======== Entries provided
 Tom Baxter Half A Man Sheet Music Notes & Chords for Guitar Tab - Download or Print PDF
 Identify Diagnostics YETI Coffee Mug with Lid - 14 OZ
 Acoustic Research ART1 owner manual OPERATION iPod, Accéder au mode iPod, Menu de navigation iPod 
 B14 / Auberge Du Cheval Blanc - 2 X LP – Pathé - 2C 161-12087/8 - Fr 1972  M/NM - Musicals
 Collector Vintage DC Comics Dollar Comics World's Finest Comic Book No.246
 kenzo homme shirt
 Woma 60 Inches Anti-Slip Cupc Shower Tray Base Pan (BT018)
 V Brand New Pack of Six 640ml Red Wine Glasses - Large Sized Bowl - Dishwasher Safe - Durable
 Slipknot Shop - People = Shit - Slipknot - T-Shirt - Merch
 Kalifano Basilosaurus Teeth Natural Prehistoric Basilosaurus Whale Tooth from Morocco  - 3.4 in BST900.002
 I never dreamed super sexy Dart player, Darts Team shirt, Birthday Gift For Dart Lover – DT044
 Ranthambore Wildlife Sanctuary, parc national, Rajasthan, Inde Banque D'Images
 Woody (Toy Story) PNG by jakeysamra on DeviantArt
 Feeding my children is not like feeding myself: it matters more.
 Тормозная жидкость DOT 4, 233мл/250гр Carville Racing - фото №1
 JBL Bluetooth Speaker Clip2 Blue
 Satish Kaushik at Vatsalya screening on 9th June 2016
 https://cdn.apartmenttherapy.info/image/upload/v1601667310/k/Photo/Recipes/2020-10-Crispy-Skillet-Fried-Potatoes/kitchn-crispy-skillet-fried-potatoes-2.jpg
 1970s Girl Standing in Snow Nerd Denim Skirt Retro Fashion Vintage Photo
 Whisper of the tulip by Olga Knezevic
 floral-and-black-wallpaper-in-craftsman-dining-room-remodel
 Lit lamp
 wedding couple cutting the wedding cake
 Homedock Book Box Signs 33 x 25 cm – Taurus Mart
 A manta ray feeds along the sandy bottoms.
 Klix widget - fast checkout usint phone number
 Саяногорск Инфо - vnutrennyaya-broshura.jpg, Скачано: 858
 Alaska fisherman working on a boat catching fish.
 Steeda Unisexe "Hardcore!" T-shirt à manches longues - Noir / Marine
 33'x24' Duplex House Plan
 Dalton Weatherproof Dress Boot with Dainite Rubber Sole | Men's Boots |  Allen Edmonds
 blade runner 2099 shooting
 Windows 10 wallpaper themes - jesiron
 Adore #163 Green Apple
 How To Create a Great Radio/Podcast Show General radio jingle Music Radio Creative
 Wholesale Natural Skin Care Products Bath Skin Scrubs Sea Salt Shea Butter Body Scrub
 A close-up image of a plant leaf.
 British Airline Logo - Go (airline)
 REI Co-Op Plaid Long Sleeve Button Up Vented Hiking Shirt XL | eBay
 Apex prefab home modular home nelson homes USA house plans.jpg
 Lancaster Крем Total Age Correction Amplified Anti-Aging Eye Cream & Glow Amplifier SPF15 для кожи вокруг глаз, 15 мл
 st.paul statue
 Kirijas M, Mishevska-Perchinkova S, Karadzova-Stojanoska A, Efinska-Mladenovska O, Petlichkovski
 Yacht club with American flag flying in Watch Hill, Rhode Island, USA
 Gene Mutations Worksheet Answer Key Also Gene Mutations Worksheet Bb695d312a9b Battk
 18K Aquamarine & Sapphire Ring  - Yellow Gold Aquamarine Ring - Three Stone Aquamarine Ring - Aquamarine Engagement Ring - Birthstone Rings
================
Set down, word for word, each line from the top of the records above through the line with "Alaska fisherman working".

 Tom Baxter Half A Man Sheet Music Notes & Chords for Guitar Tab - Download or Print PDF
 Identify Diagnostics YETI Coffee Mug with Lid - 14 OZ
 Acoustic Research ART1 owner manual OPERATION iPod, Accéder au mode iPod, Menu de navigation iPod 
 B14 / Auberge Du Cheval Blanc - 2 X LP – Pathé - 2C 161-12087/8 - Fr 1972  M/NM - Musicals
 Collector Vintage DC Comics Dollar Comics World's Finest Comic Book No.246
 kenzo homme shirt
 Woma 60 Inches Anti-Slip Cupc Shower Tray Base Pan (BT018)
 V Brand New Pack of Six 640ml Red Wine Glasses - Large Sized Bowl - Dishwasher Safe - Durable
 Slipknot Shop - People = Shit - Slipknot - T-Shirt - Merch
 Kalifano Basilosaurus Teeth Natural Prehistoric Basilosaurus Whale Tooth from Morocco  - 3.4 in BST900.002
 I never dreamed super sexy Dart player, Darts Team shirt, Birthday Gift For Dart Lover – DT044
 Ranthambore Wildlife Sanctuary, parc national, Rajasthan, Inde Banque D'Images
 Woody (Toy Story) PNG by jakeysamra on DeviantArt
 Feeding my children is not like feeding myself: it matters more.
 Тормозная жидкость DOT 4, 233мл/250гр Carville Racing - фото №1
 JBL Bluetooth Speaker Clip2 Blue
 Satish Kaushik at Vatsalya screening on 9th June 2016
 https://cdn.apartmenttherapy.info/image/upload/v1601667310/k/Photo/Recipes/2020-10-Crispy-Skillet-Fried-Potatoes/kitchn-crispy-skillet-fried-potatoes-2.jpg
 1970s Girl Standing in Snow Nerd Denim Skirt Retro Fashion Vintage Photo
 Whisper of the tulip by Olga Knezevic
 floral-and-black-wallpaper-in-craftsman-dining-room-remodel
 Lit lamp
 wedding couple cutting the wedding cake
 Homedock Book Box Signs 33 x 25 cm – Taurus Mart
 A manta ray feeds along the sandy bottoms.
 Klix widget - fast checkout usint phone number
 Саяногорск Инфо - vnutrennyaya-broshura.jpg, Скачано: 858
 Alaska fisherman working on a boat catching fish.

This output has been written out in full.